◆ **PROVIDED DATA**
━━━━━━━━
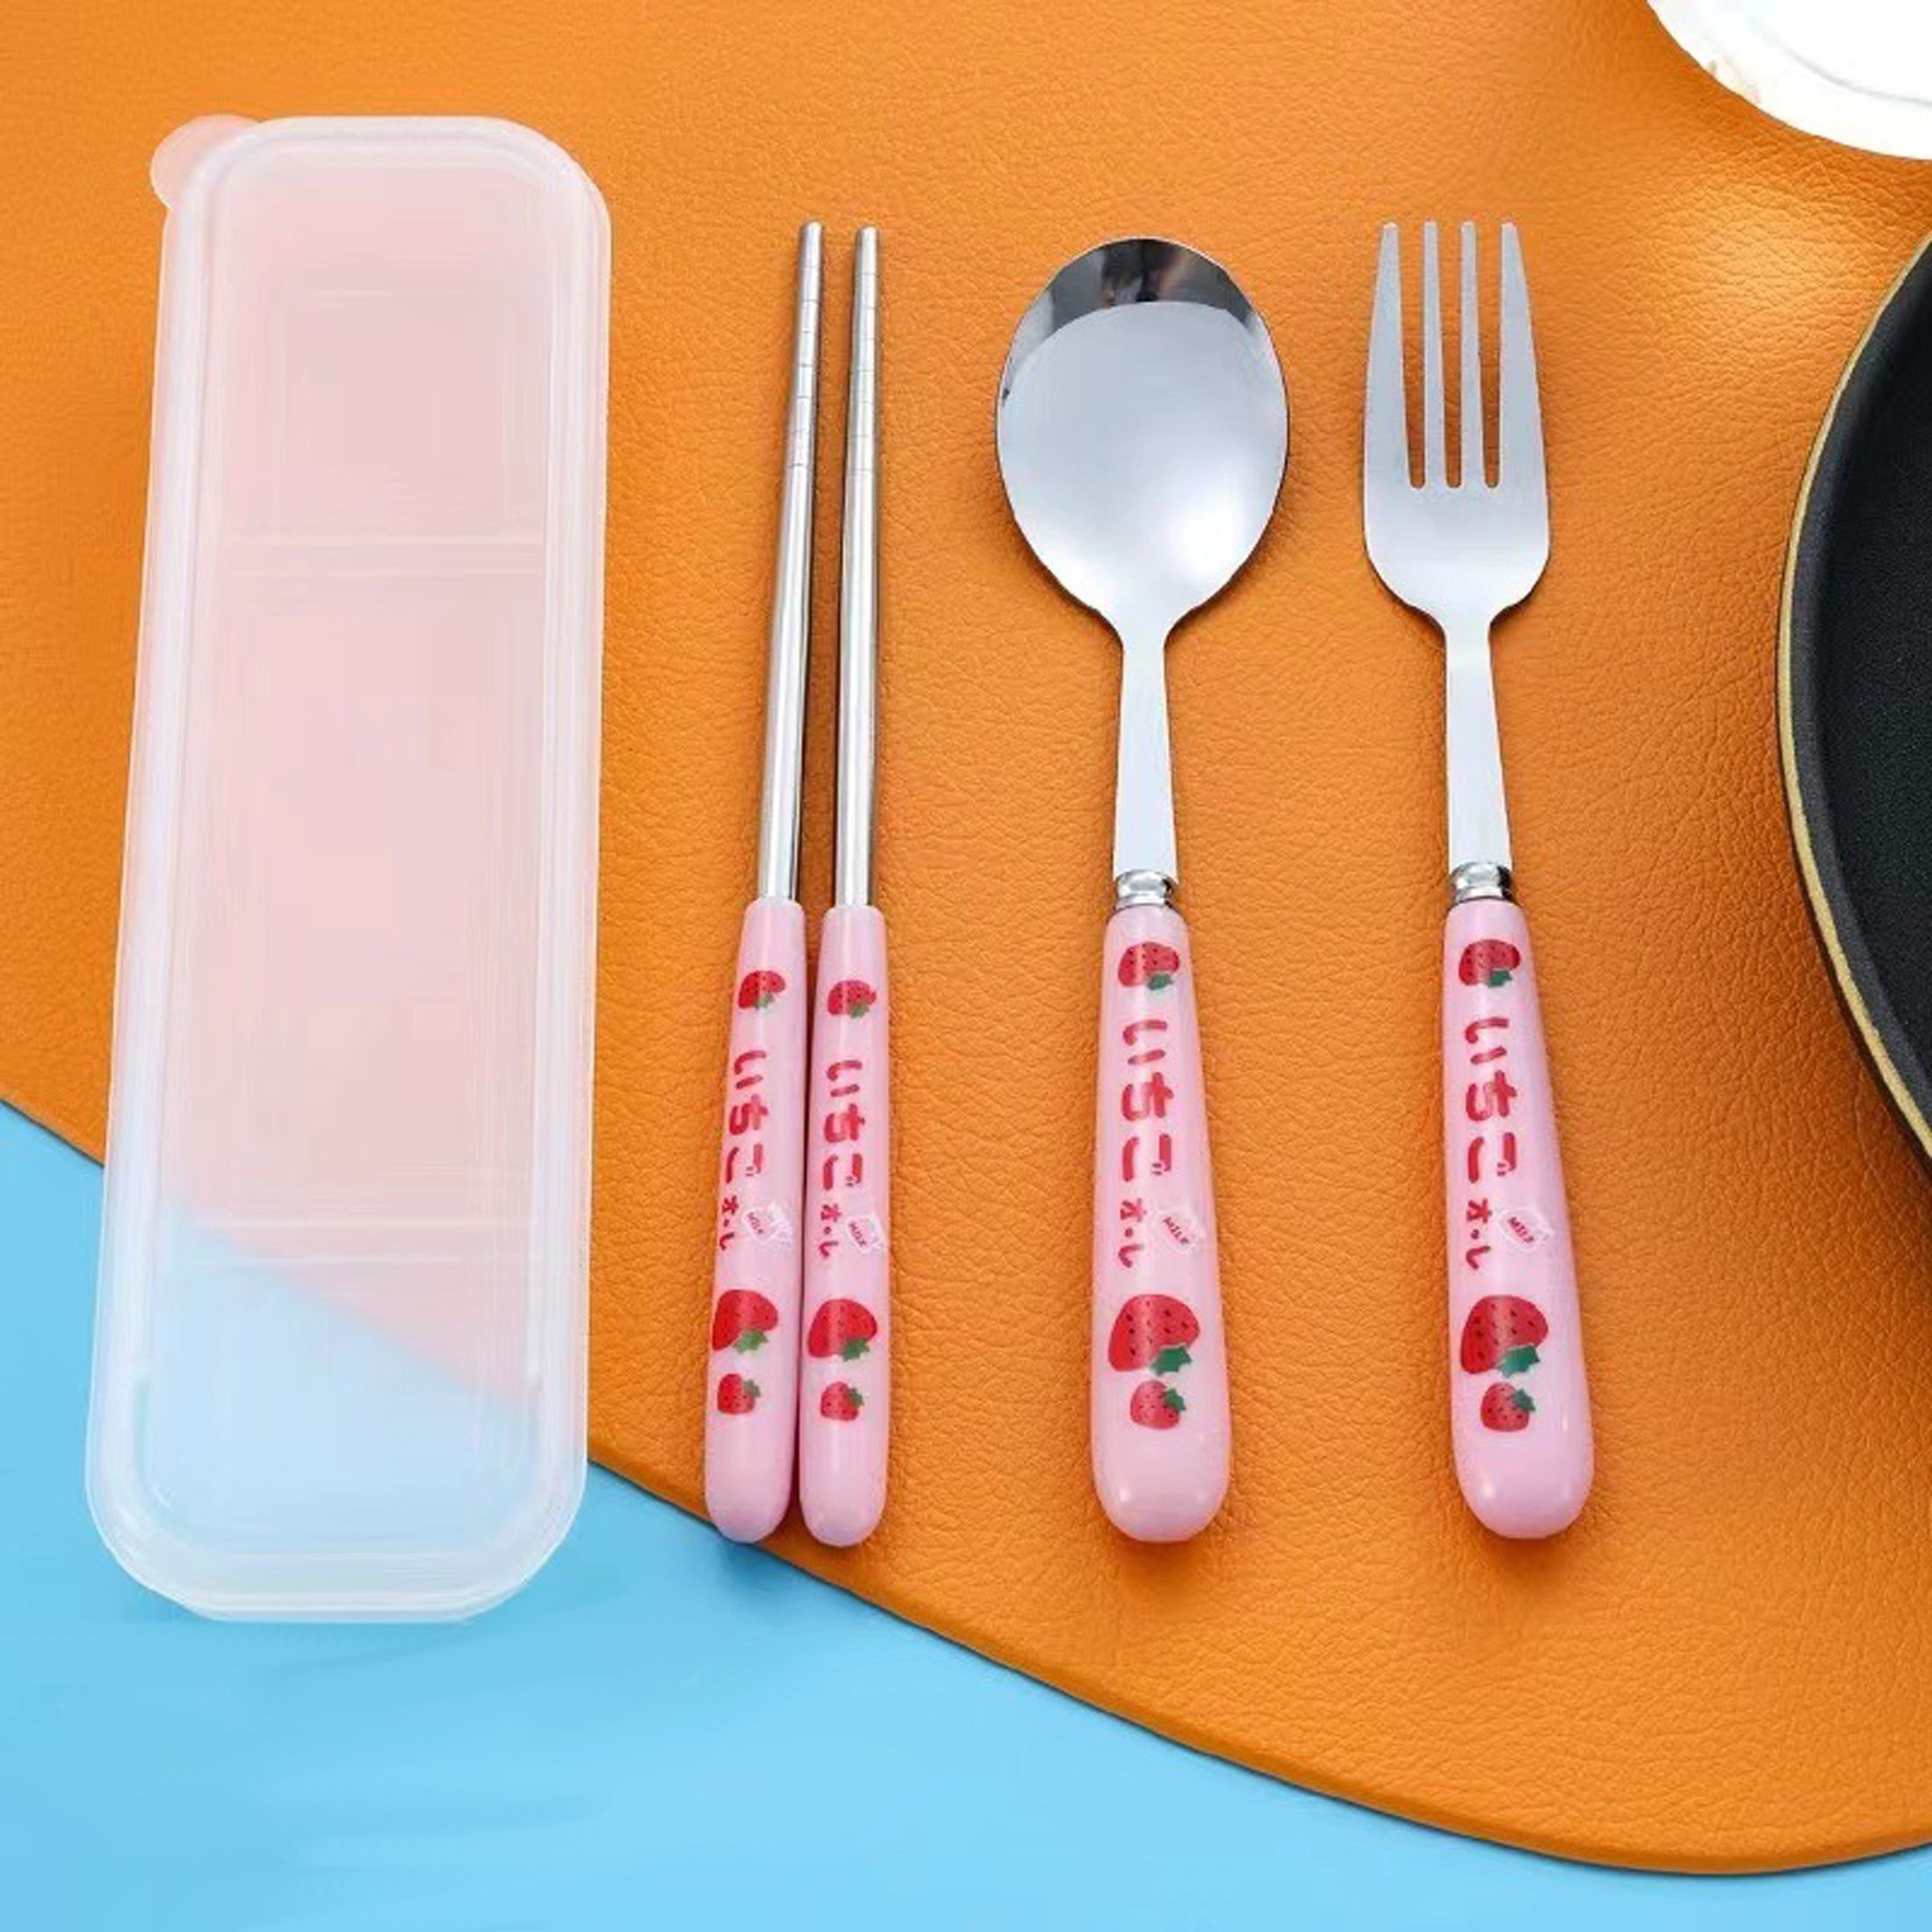 Travel Camping Cutlery Set, 8-Piece Knife Fork Spoon Chopsticks
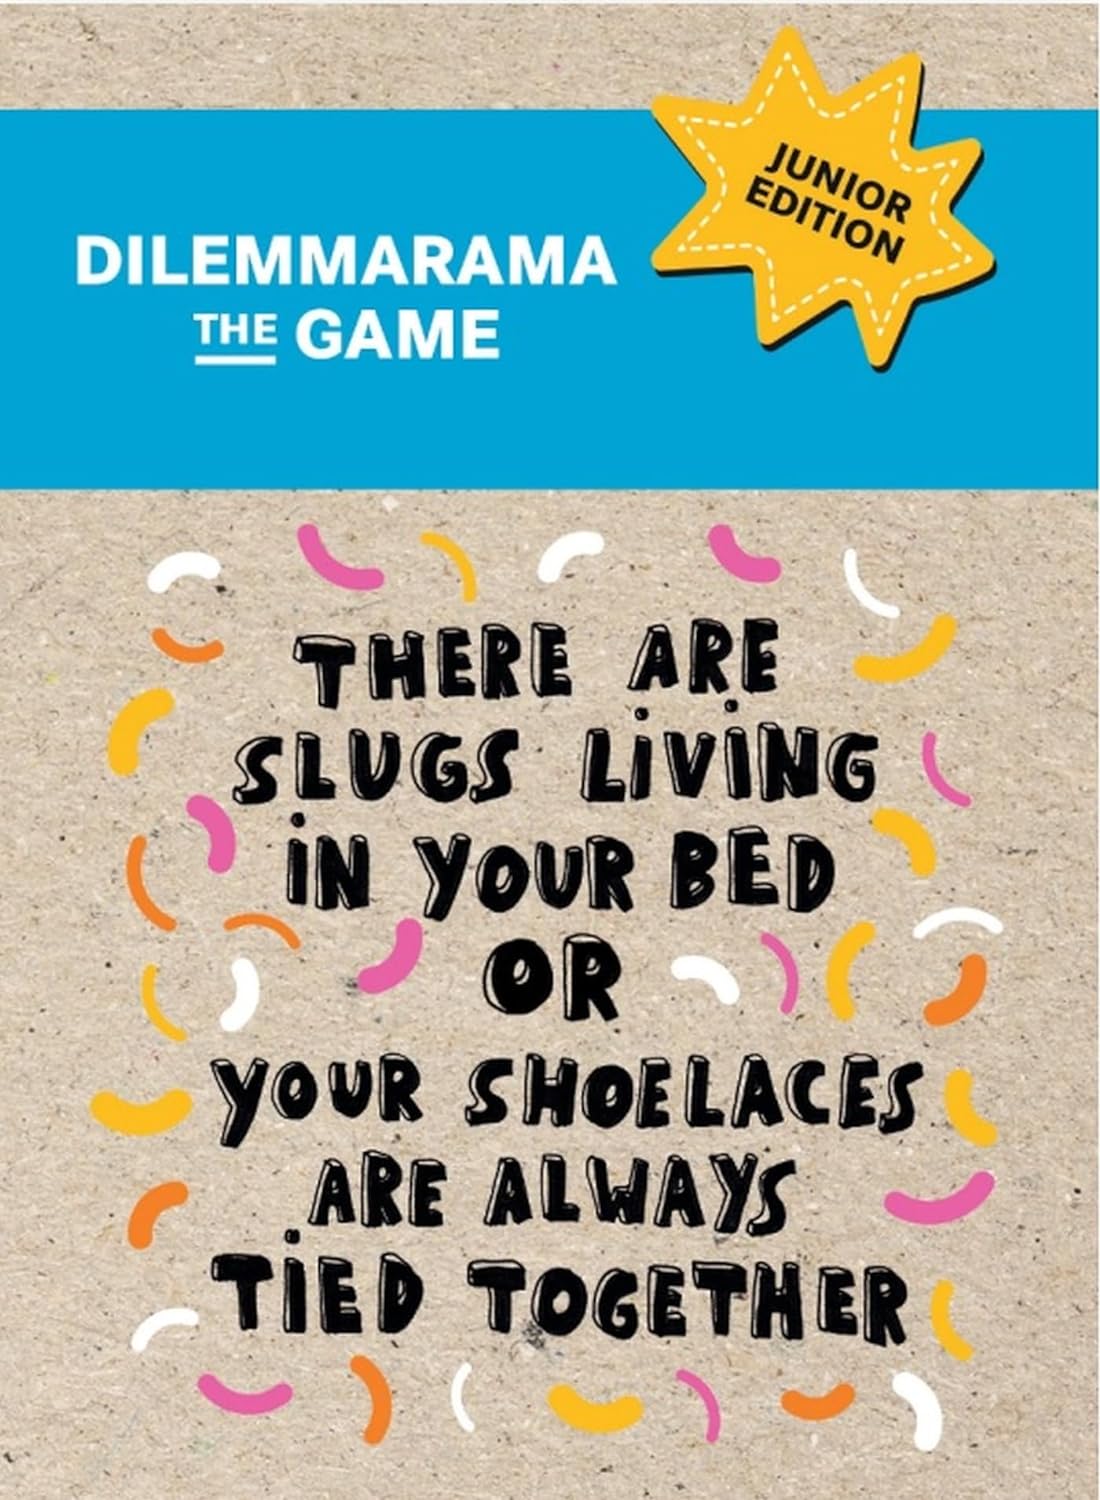 Dilemmarama the Game: Junior edition
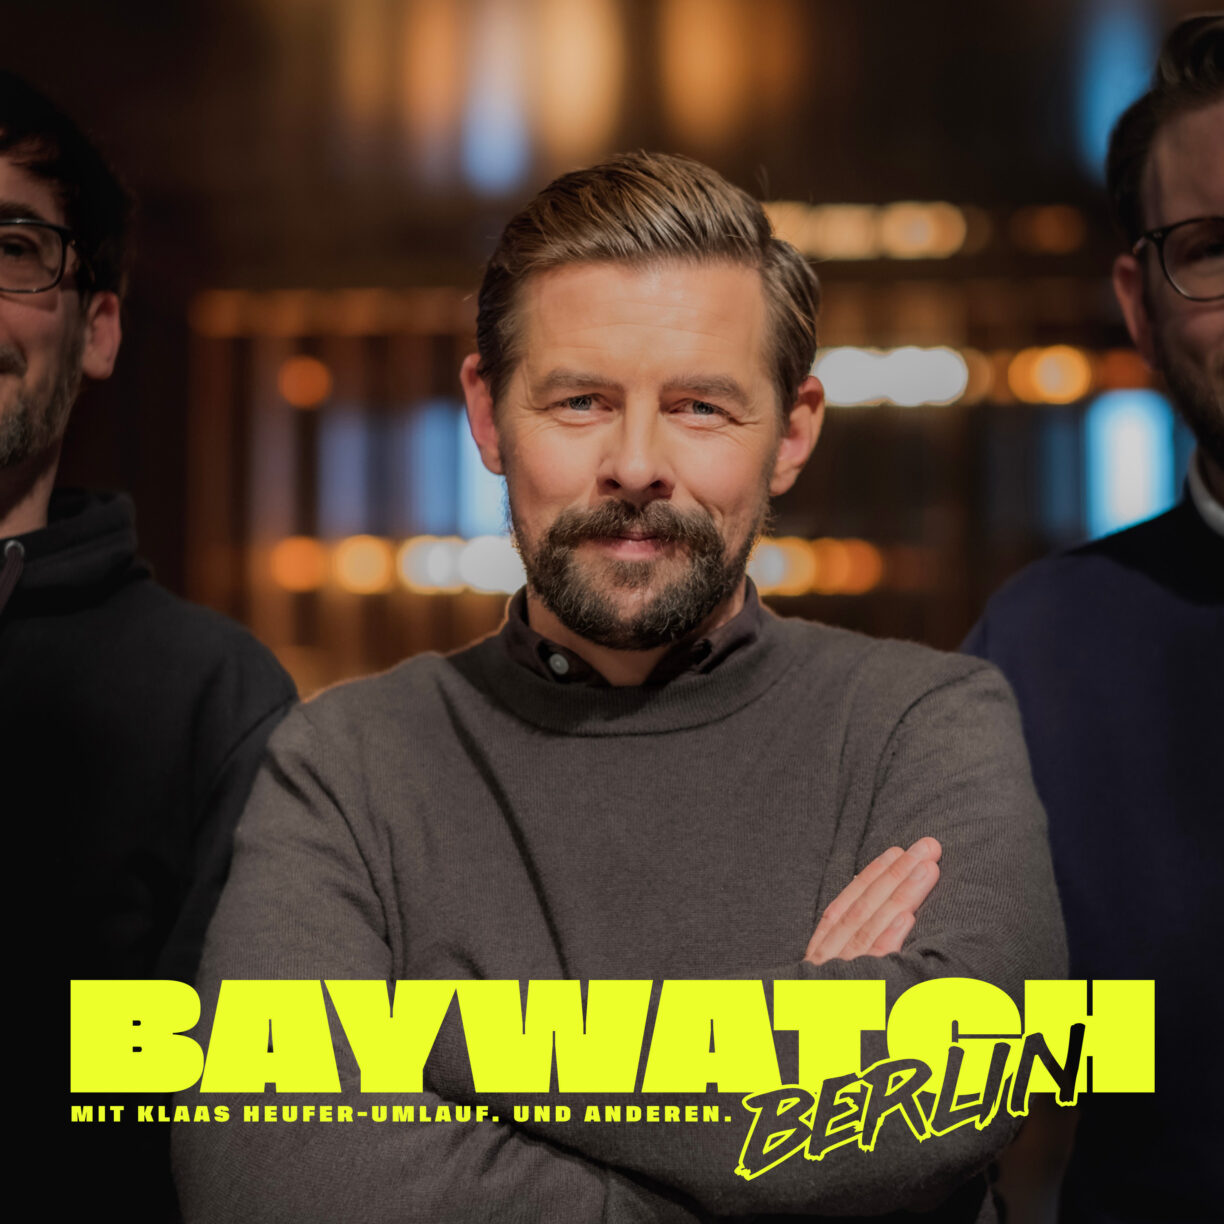 Podcast »Baywatch Berlin« mit Klaas Heufer-Umlauf, Thomas Schmitt & Jakob Lundt (Studio Bummens)
━━━━━━━━
◆ **AIM OF THE EXERCISE**
Repeat the data word for word, minus any pictures.

◆ **FINISHED TASK**
 Travel Camping Cutlery Set, 8-Piece Knife Fork Spoon Chopsticks
 Dilemmarama the Game: Junior edition
 Podcast »Baywatch Berlin« mit Klaas Heufer-Umlauf, Thomas Schmitt & Jakob Lundt (Studio Bummens)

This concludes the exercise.